I couldn’t remember the last time I had run (it was the Friday before). I couldn’t remember when I had last updated my Facebook or my blog. Instead of loving my training, I was feeling overwhelmed. I was dreading having to do more brick workouts. And I just came to the realization that multi sport is not my thing. I have wanted it to be so bad because I am so inspired by the people who do it. I have wanted it to be because I know I need cross training. But I reach a point where I am so overwhelmed by training in the different disciplines that I just get burned out on everything… and I do not want to feel that way about running.
So I had a good talk with my husband and a few of my friends, including Paula, about all of it. I didn’t want to spend the money on a race that I just wasn’t that into. I wanted to actually cheer my best friend on at her first triathlon, not be stressing out and struggling to finish and completely miss her doing awesome. I decided not to do the race at all – no sprint, super sprint or duathlon – and instead to just be a race mom and support my friend. The day I decided this I went for a 4 mile run by myself and I enjoyed every single step.

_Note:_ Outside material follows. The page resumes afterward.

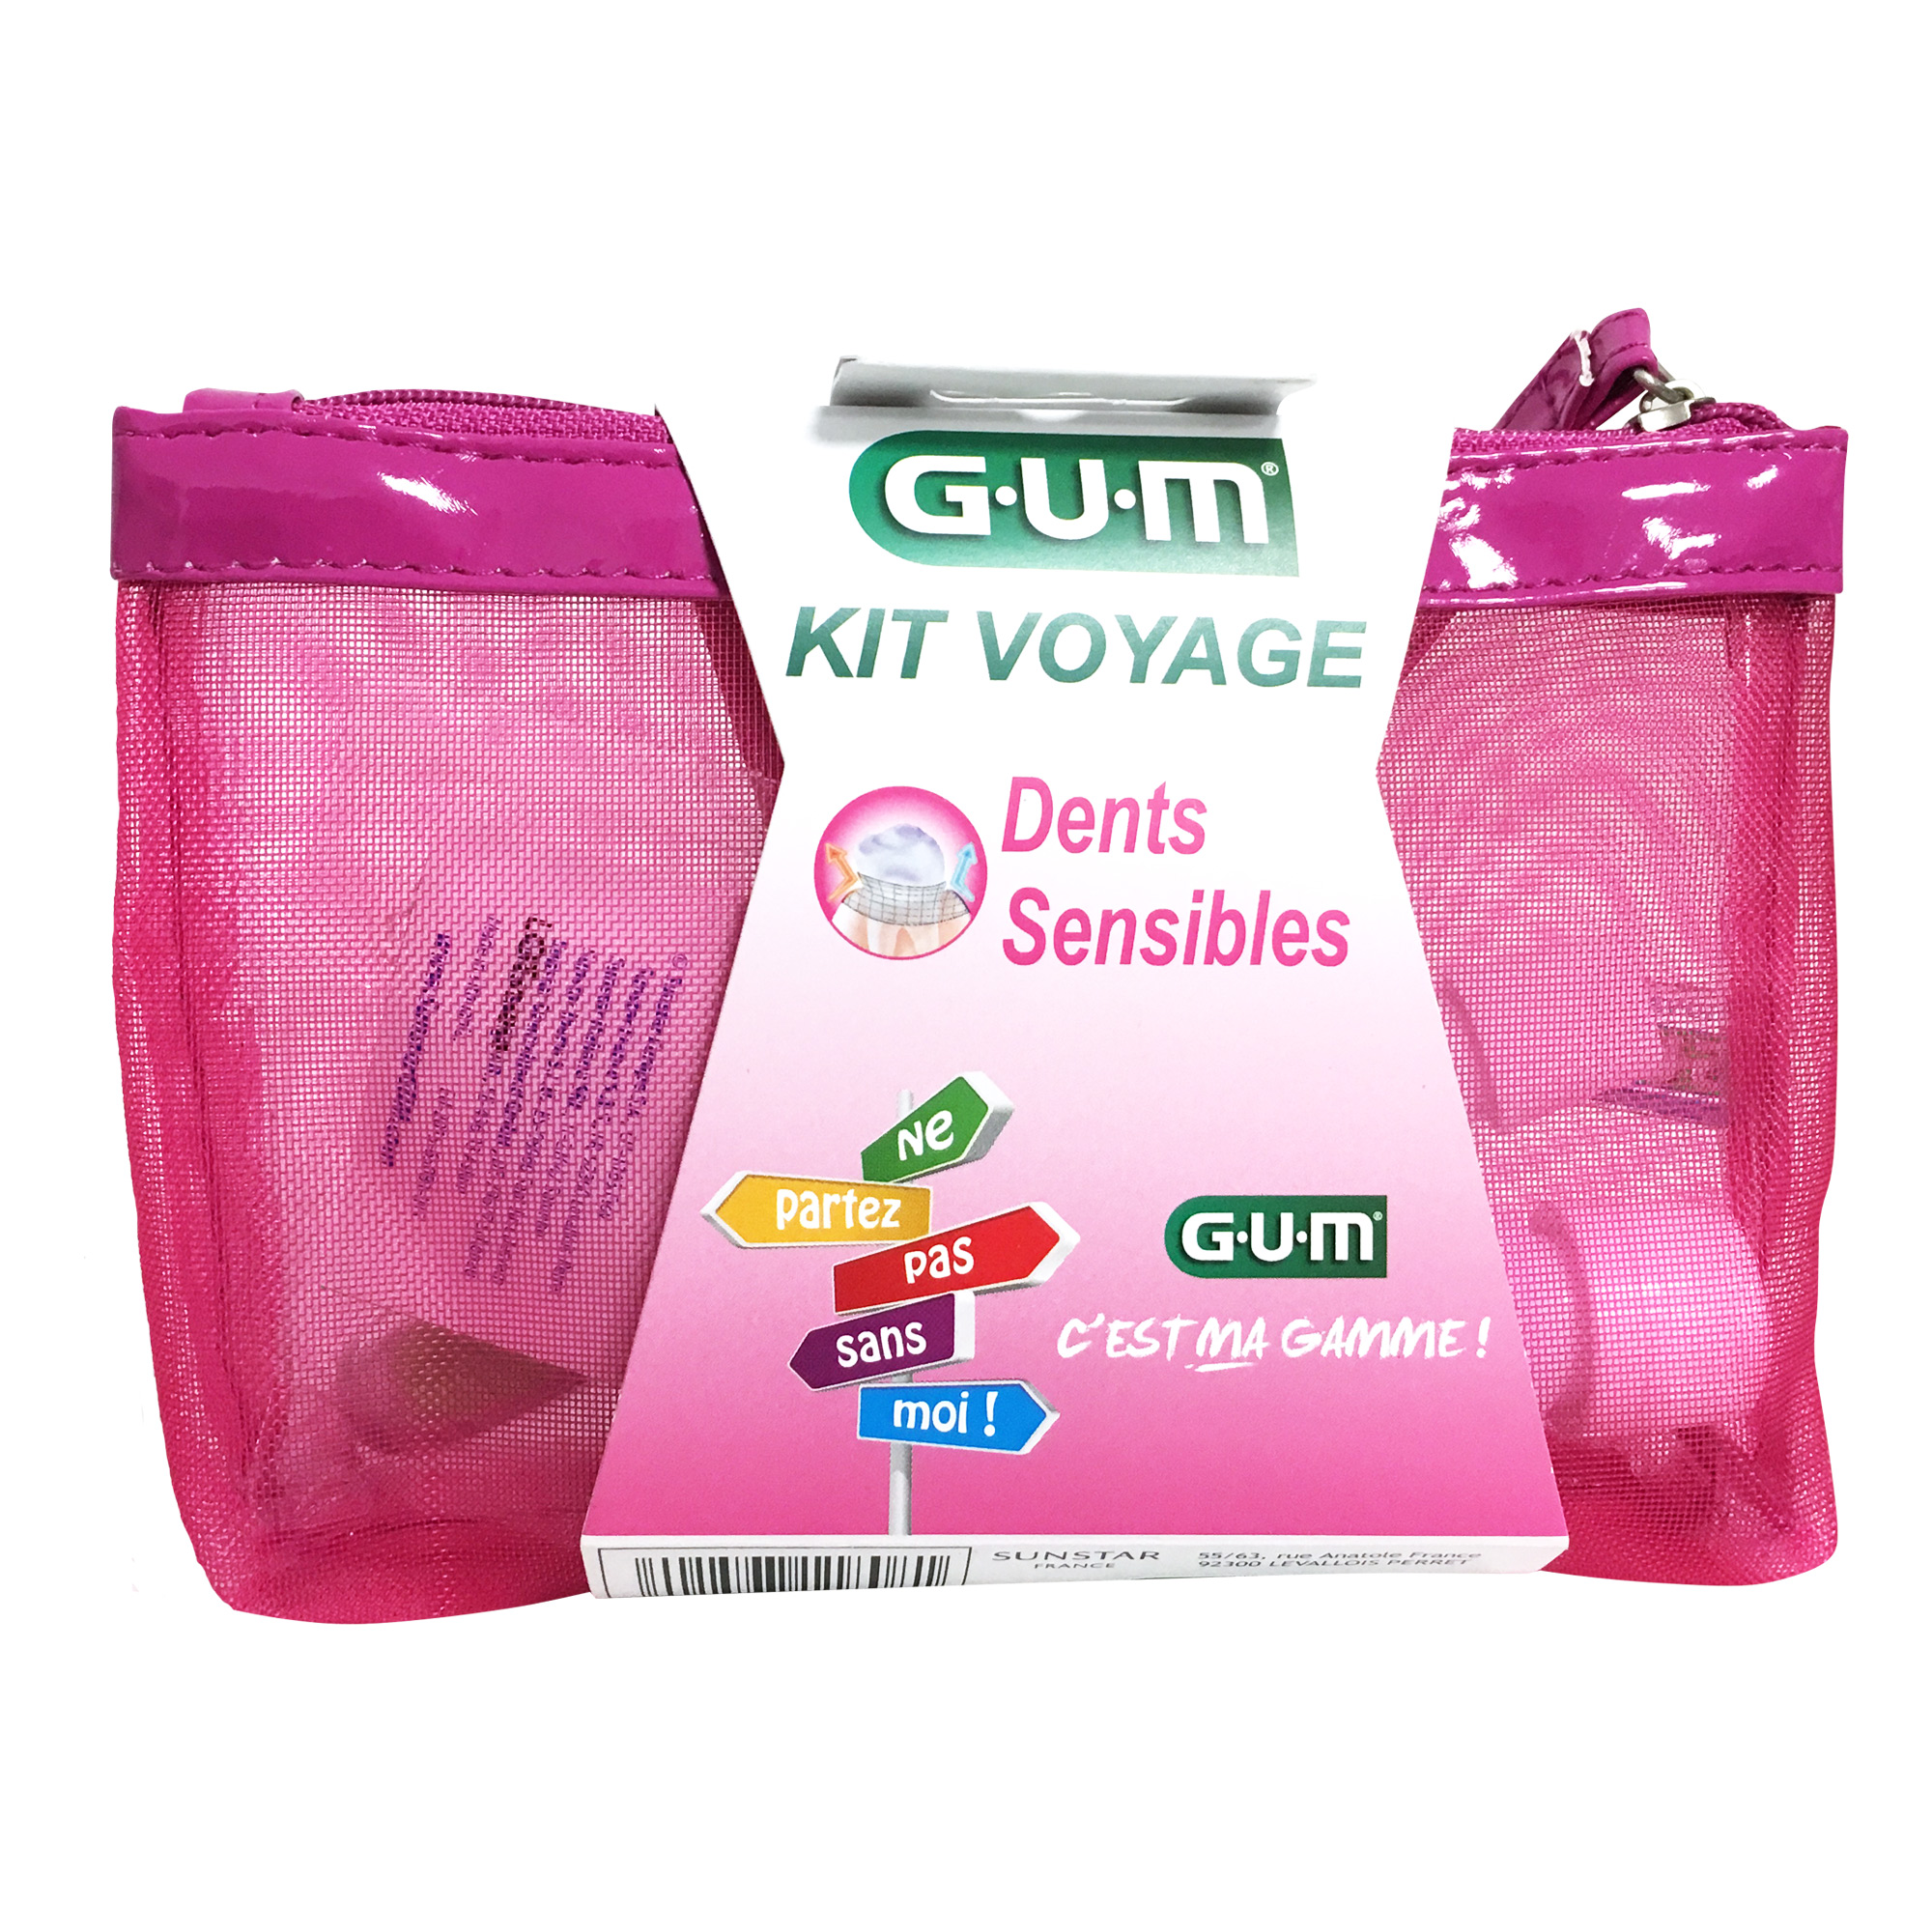 GUM Kit voyage dents sensibles - Parapharmacie Prado Mermoz

I still think that I want to do a duathlon some day, but not now. I would like to do it with the race company that I’m working for – TriToFinish – and to plan a little further in advance instead of finding a four week duathlon training plan and trying to wing it. I want to learn more about the bike and get better at it, but not necessarily invest a ton of money into different equipment and set up. For now the focus is back on marathon training. I re-focused my training plan and am excited about sticking to it. I feel a lot less overwhelmed and hopefully have hurdled the burnout. And I can’t tell you how excited I am to be able to support my friend and be her race mom without the stress of doing my own race!